A common approach for natural language tasks is to use Recurrent Neural Networks (RNNs). In this chapter, we will explore RNNs for NLP, starting with a **Character RNN** trained to predict the next character in a sentence (allowing us to generate Shakespearean text). Then we will move to **Sentiment Analysis** (classifying movie reviews) using word embeddings. Finally, we will tackle **Neural Machine Translation (NMT)** using Encoder-Decoder architectures, Attention Mechanisms, and ultimately the **Transformer** architecture (Attention Is All You Need).

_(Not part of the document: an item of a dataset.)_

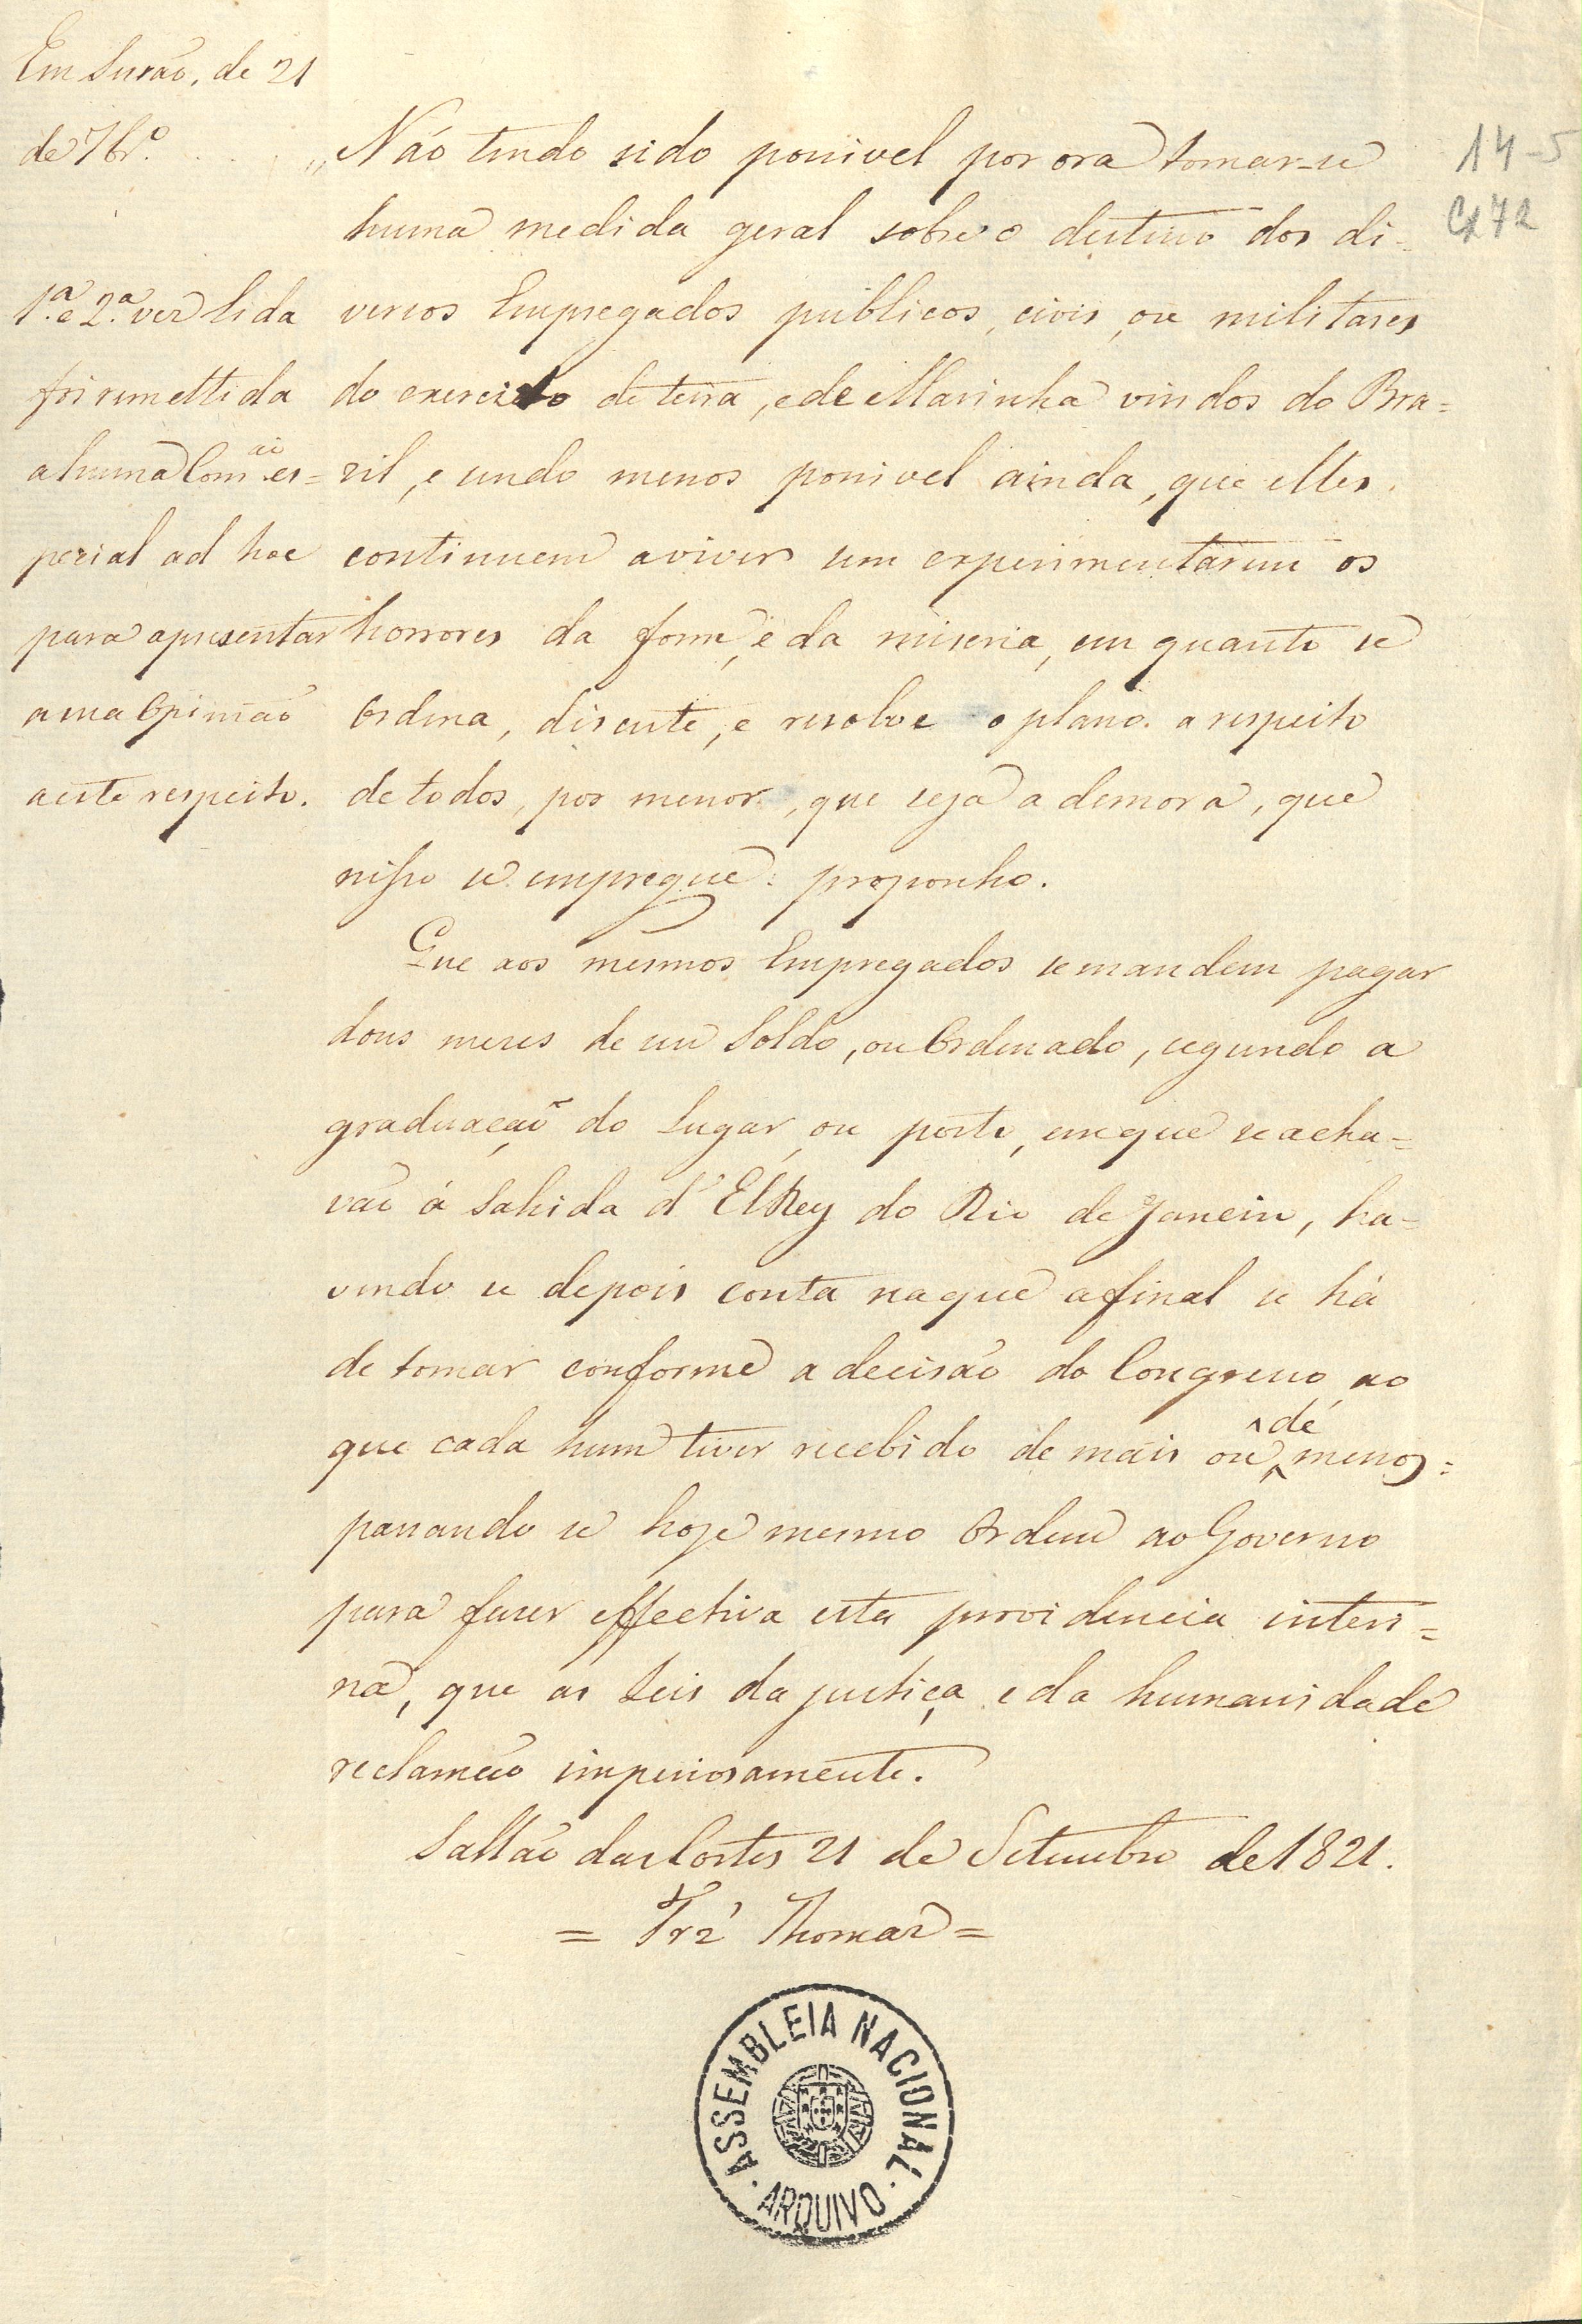  Indicação de 21 de setembro de 1821, do deputado Fernandes Tomás, para que se paguem dois meses de soldo ou ordenado aos empregados, ajustando-se depois as contas

## 2. Generating Shakespearean Text using a Character RNN

A Character RNN predicts the next character in a sequence. By feeding the predicted character back into the network, we can generate text.

### Creating the Training Dataset

First, we download the Shakespeare text, tokenize it (map characters to integers), and create a `tf.data.Dataset` of windowed sequences.

In [None]:
import tensorflow as tf
from tensorflow import keras
import numpy as np

# 1. Download Data
shakespeare_url = "https://homl.info/shakespeare"
filepath = keras.utils.get_file("shakespeare.txt", shakespeare_url)
with open(filepath) as f:
    shakespeare_text = f.read()

# 2. Tokenize (Char Level)
tokenizer = keras.preprocessing.text.Tokenizer(char_level=True)
tokenizer.fit_on_texts([shakespeare_text])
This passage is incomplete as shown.